Example one comes from the city of Boise, where statists (those people who believe in and worship the power of government) are contemplating a ban on smoking in local bars.

City bosses say the new smoking ban will improve health. Never mind the fact that people who go into a smoky bar do so of their own free will and faced with free market alternatives — to enter or not enter a smoky bar — and yet some people choose to do it. City officials, however, are electing to replace the smoke in the air (and free thinking) with economic uncertainty.

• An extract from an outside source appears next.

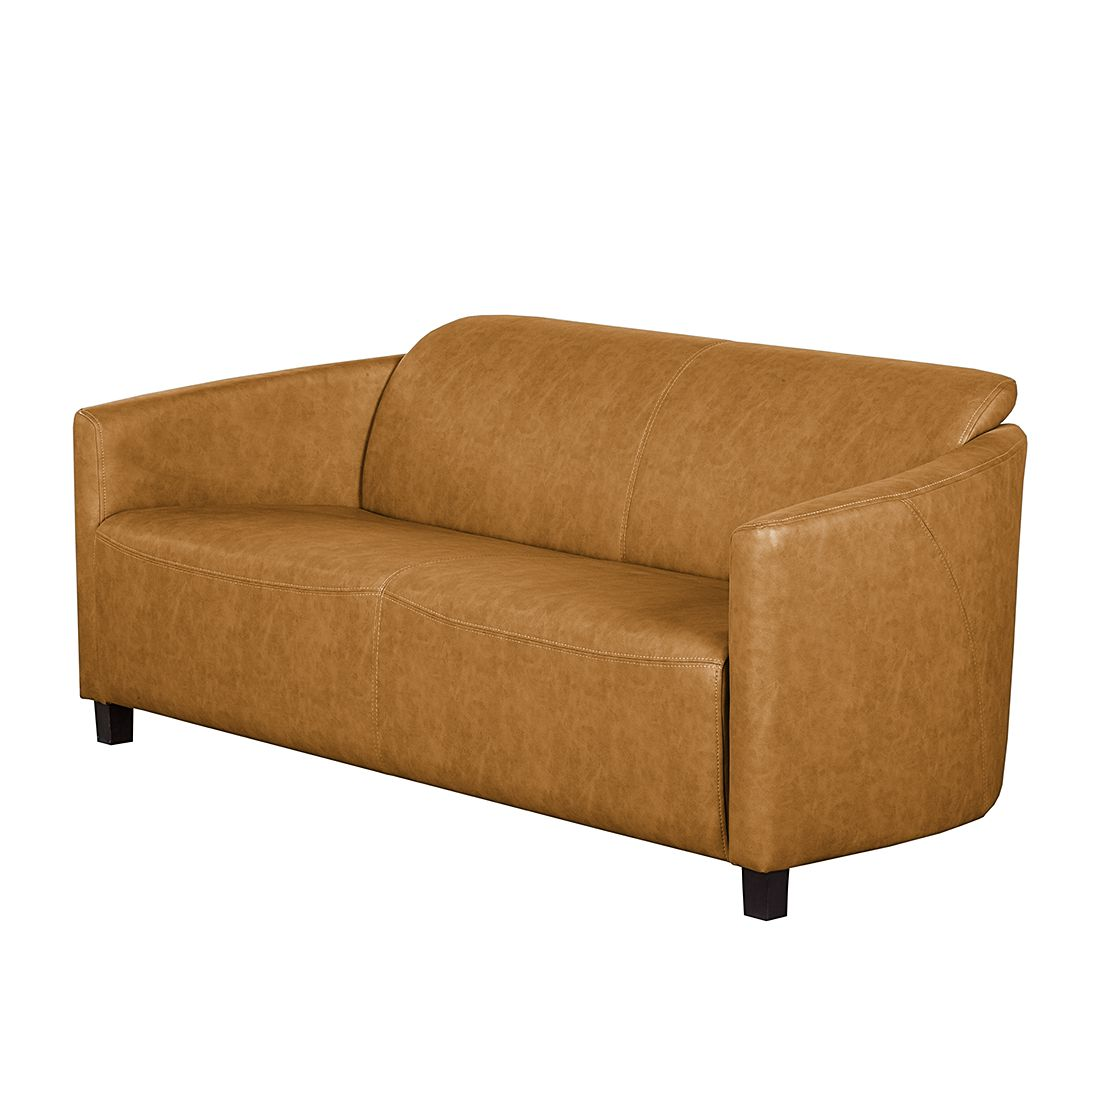 sofa jill 2 sitzer kunstleder stoff wei grau pictures to pin on pinterest. Black Bedroom Furniture Sets. Home Design Ideas
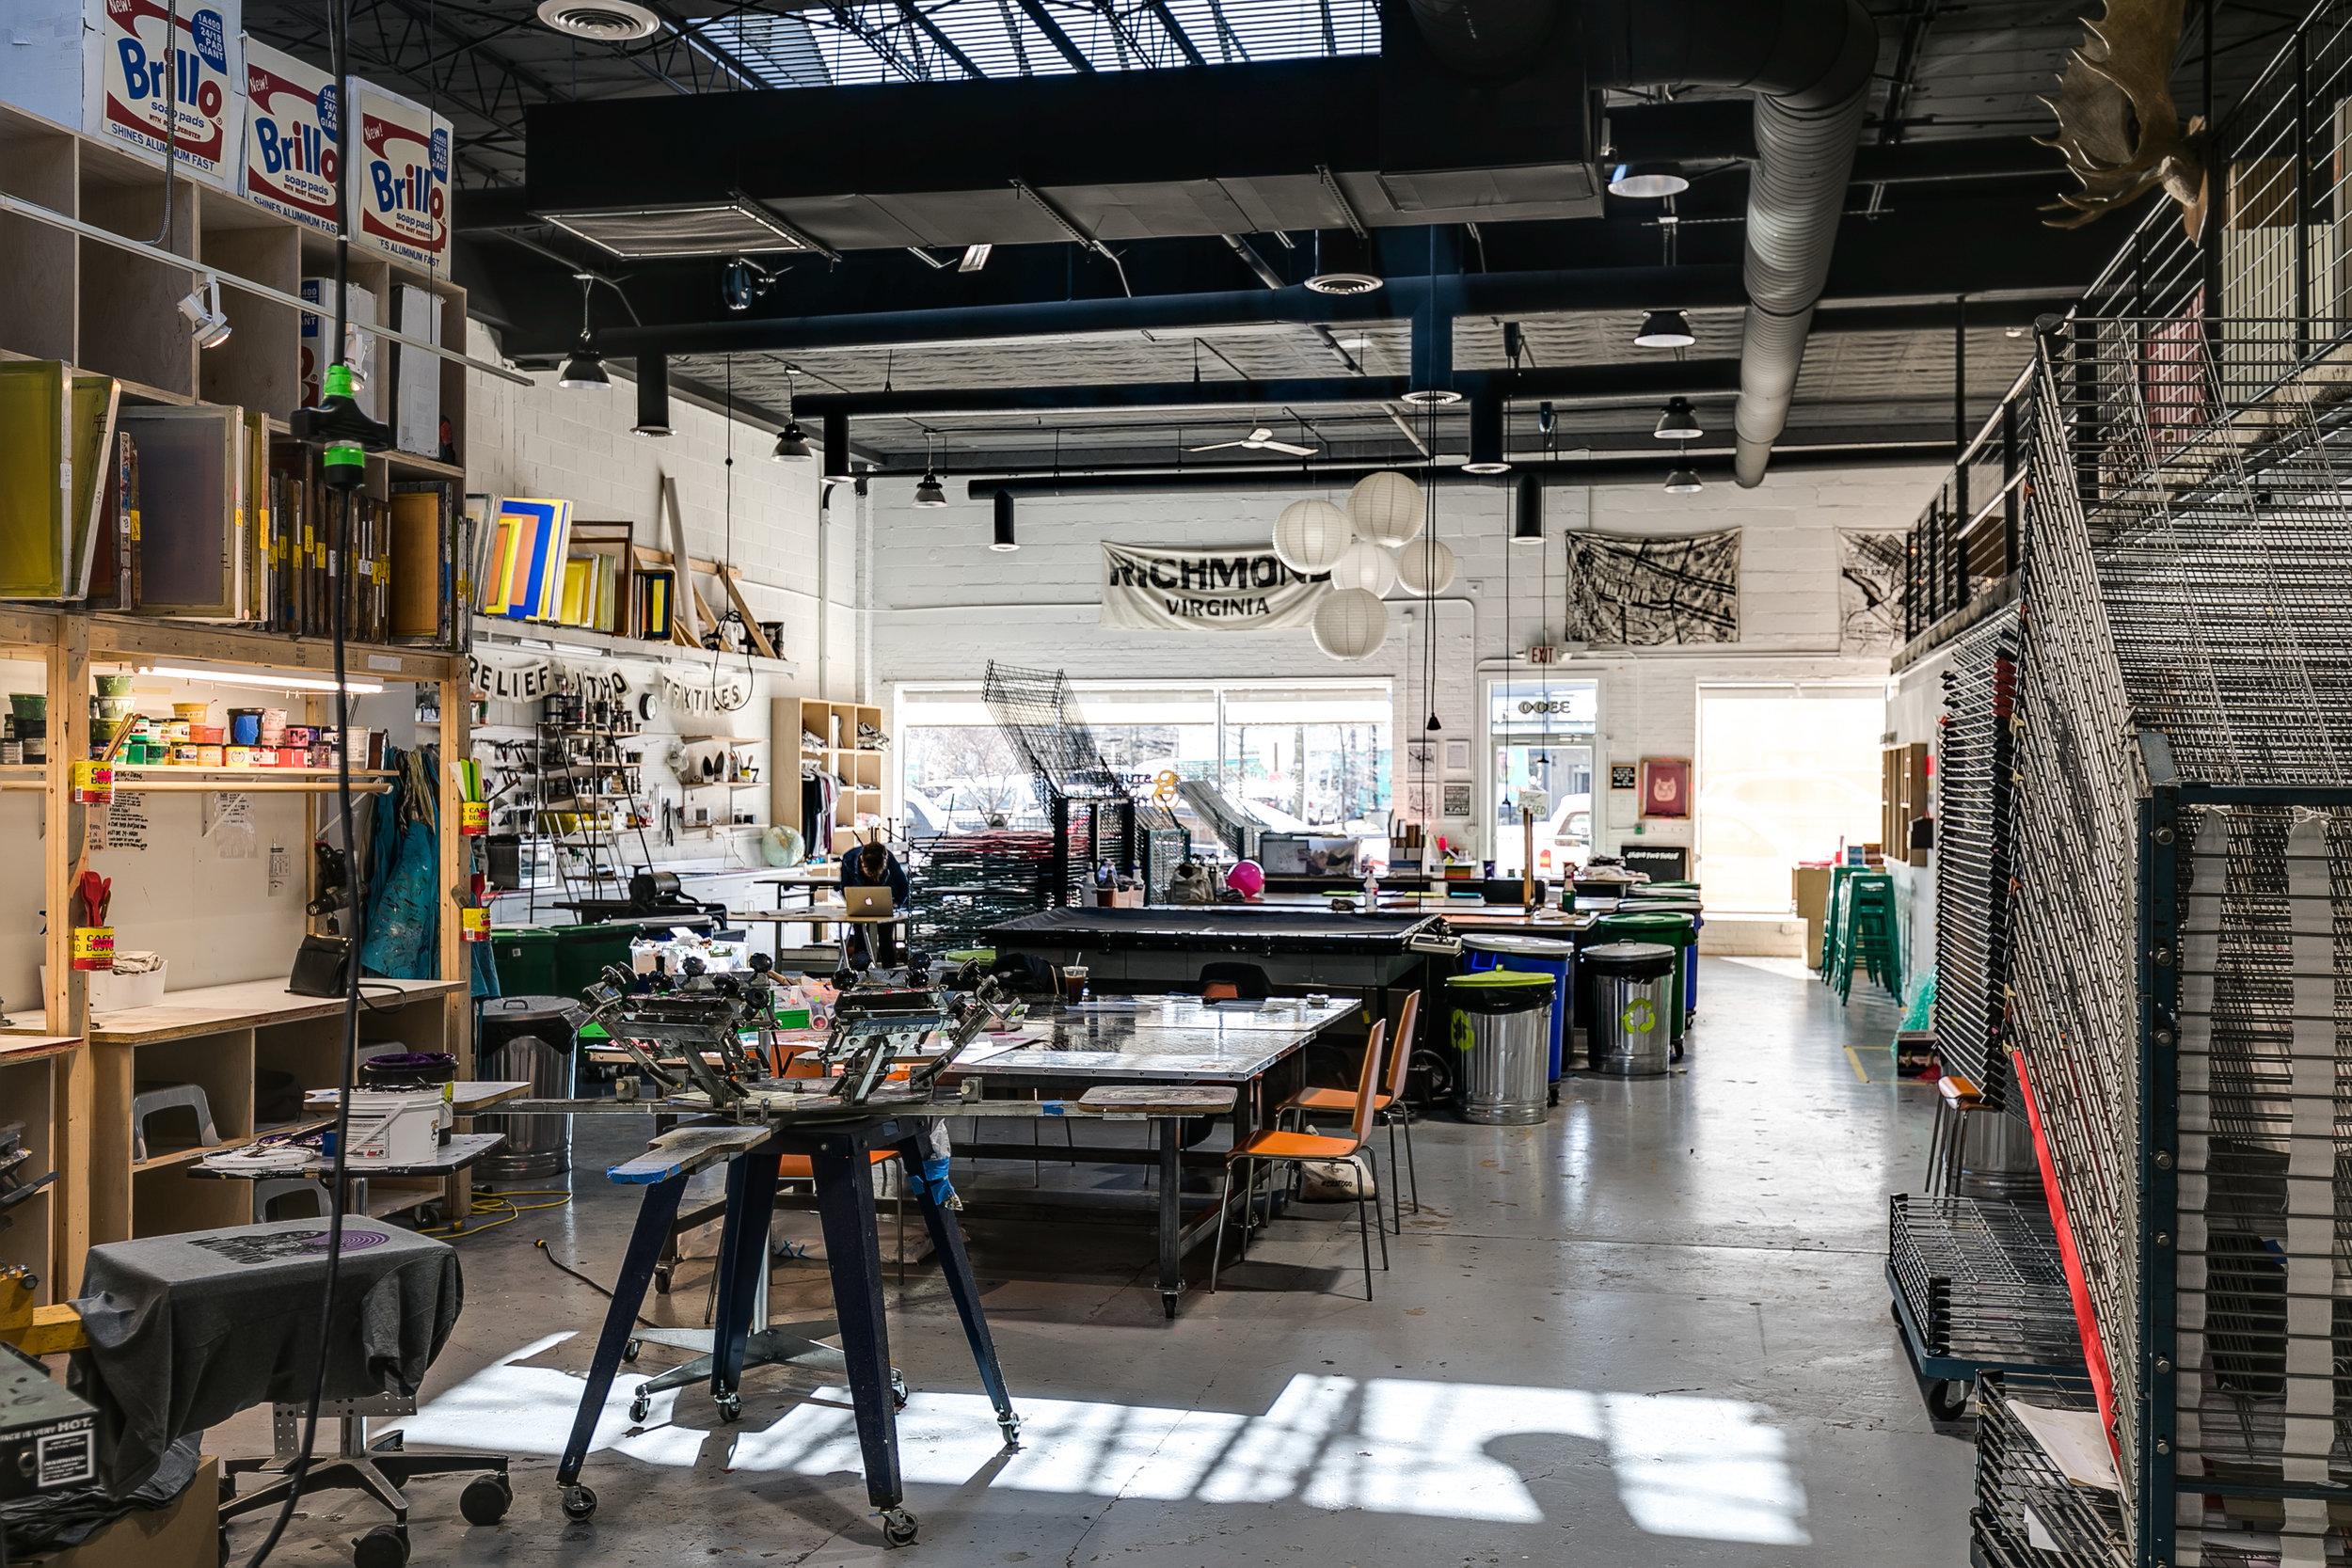 Studio Two Three | art studios | print shop | darkroom | Richmond Virginia

The city budget is (supposedly) tight, but not tight enough to stop the creation of a new crime on the books for city police to enforce.

Not to be outdone, Sandpoint is where city officials have passed an ordinance banning the use of cell phones while driving — whether talking or texting. That’s apparently because the police chief thought it was too hard to just ban texting — so now every activity in the phone-car continuum is now illegal. If you’re in Sandpoint, beware. Even if you’re not hurting anyone, you’re now a criminal.

In Meridian, the city council has put in place regulations on precious metal transactions. While not nearly as bad as Meridian’s first attempt to write an ordinance on gold and silver buying and selling in the city, it still creates new paperwork requirements and exposes to legitimate private financial transactions to police scrutiny. Guess where I won’t be buying and selling my precious metals anymore?

Over in Hailey, school kids collected enough signatures to put a ban on plastic bags to a vote in November. The bag ban would impose penalties on violations, because people apparently are unable to decide for themselves which bags are best to use. This, of course, will require more city enforcement, but additionally will drive up retail costs.

All of these ideas are borne out of the belief that government knows what’s best for us. If you’re not convinced that’s the overriding mentality, consider this story in the Idaho Statesman last month: Boise officials were dismayed at one neighborhood’s objection to new sidewalks. A neighborhood survey found that 77 percent didn’t want $2 million spent on the project. That prompted Boise Councilman David Eberle to demand of highway district officials, “You need to go back and figure out why these people are so hostile.” Hostile? To new sidewalks? How dare those people think independently of their city masters.

We’ve focused so much lately on the big and overreaching federal nanny government. But there’s as much mischief taking place in our city halls, as much mother-hen daydreaming as in Congress. Last month’s flood of ridiculous freedom-altering public policies in our state proves my point.